11. A method of treating a disease or disorder in a host wherein treatment of said disease or disorder in the host includes ablating the bone marrow of said host and administering to said host a T-cell depleted bone marrow transplant, said method comprising:
(a) ablating the bone marrow of said host;
(b) administering to said host a T-cell depleted bone marrow transplant;
(c) administering to said host T-cells genetically engineered to include a polynucleotide encoding a negative selective marker; and (d) administering to said host, prior to the occurrence of graft-versus-host disease, an interaction agent, said interaction agent being administered in an amount effective to kill genetically engineered T-cells capable of providing a graft-versus-host effect in said host through interaction of said interaction agent with said negative selective marker.

12. The method of Claim 11 wherein said negative selective marker is selected from the group consisting of thymidine kinases, xanthine-guanine phosphoribosyl transferase, and cytosine deaminse.

13. The method of Claim 12 wherein said negative selective marker is selected from the group consisting of Herpes Simplex Virus thymidine kinase, cytomegalovirus thymidine kinase, and varicella-zoster virus thymidine kinase.

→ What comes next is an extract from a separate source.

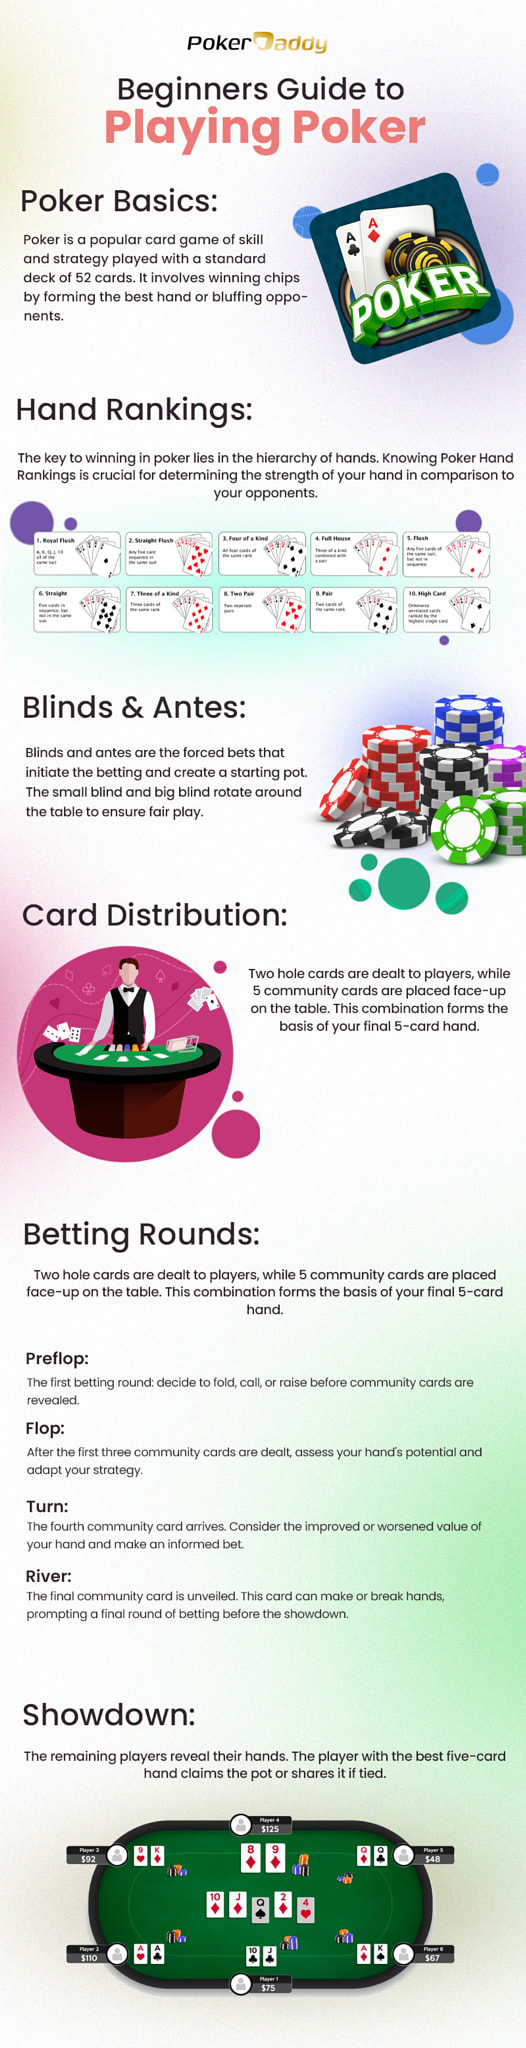 How to play Poker | Beginners Guide Infographic |  PokerDaddy
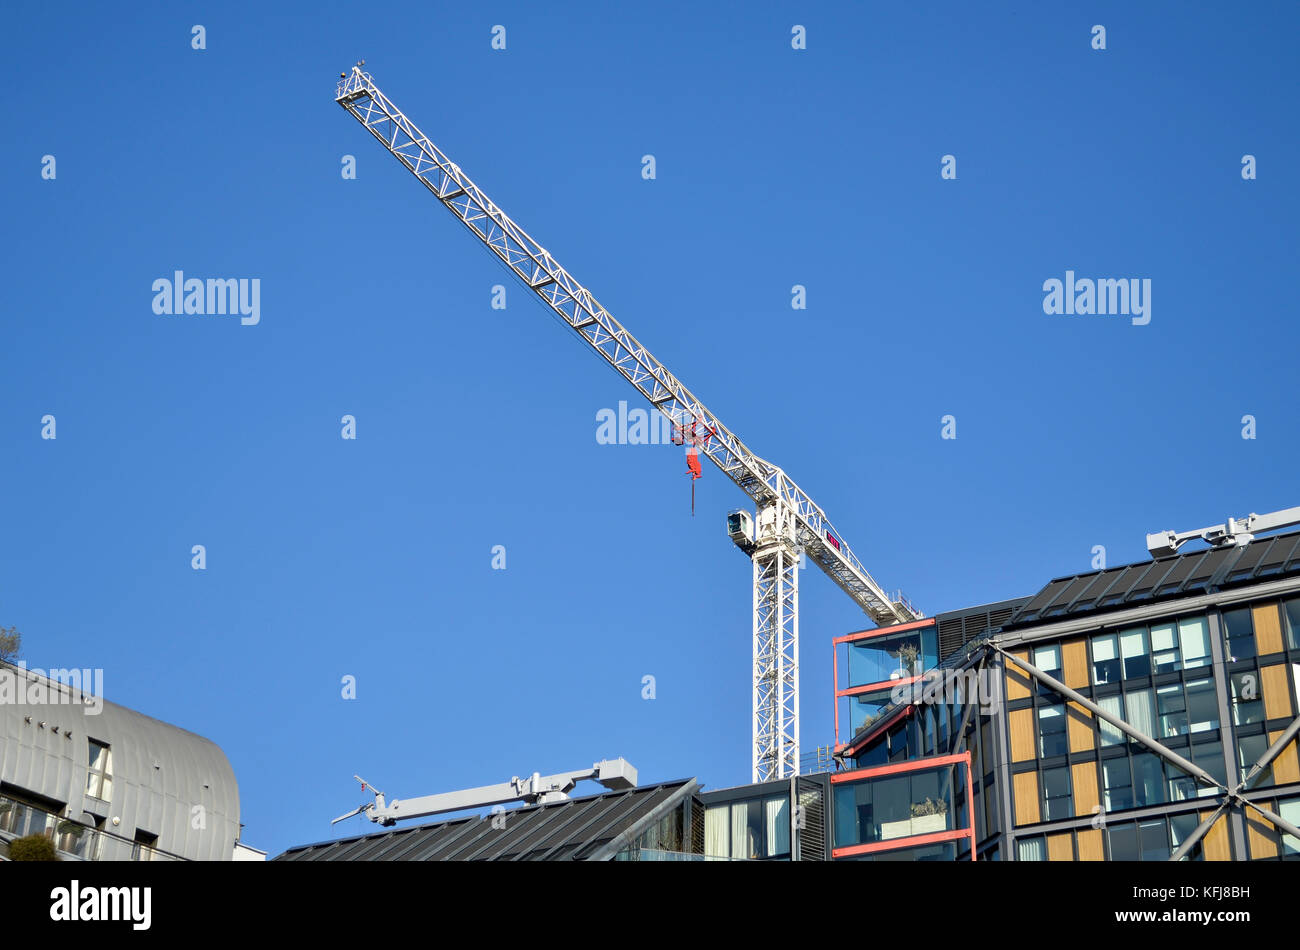 Tower crane, London, UK. Hopton Street SE1 buildings in foreground. Stock Photo

14. The method of Claim 13 wherein said negative selective marker is Herpes Simplex Virus thymidine kinase.

15. The method of Claim 11 wherein said polynucleotide encoding said negative selective marker is contained in a viral vector.

16. The method of Claim 15 wherein said viral vector is a retroviral vector.

17. The method of Claim 11 wherein said genetically engineered T-cells are administered in an amount of from about 10 5 cells/kg to about 10 9 cells/kg.

18. The method of Claim 13 wherein said interaction agent is ganciclovir.

19. The method of Claim 18 wherein said ganciclovir is administered in an amount of from about 2 mg/kg/day to about 10 mg/kg/day.

20. The method of Claim 19 wherein said ganciclovir is administered in an amount of about 10 mg/kg/day.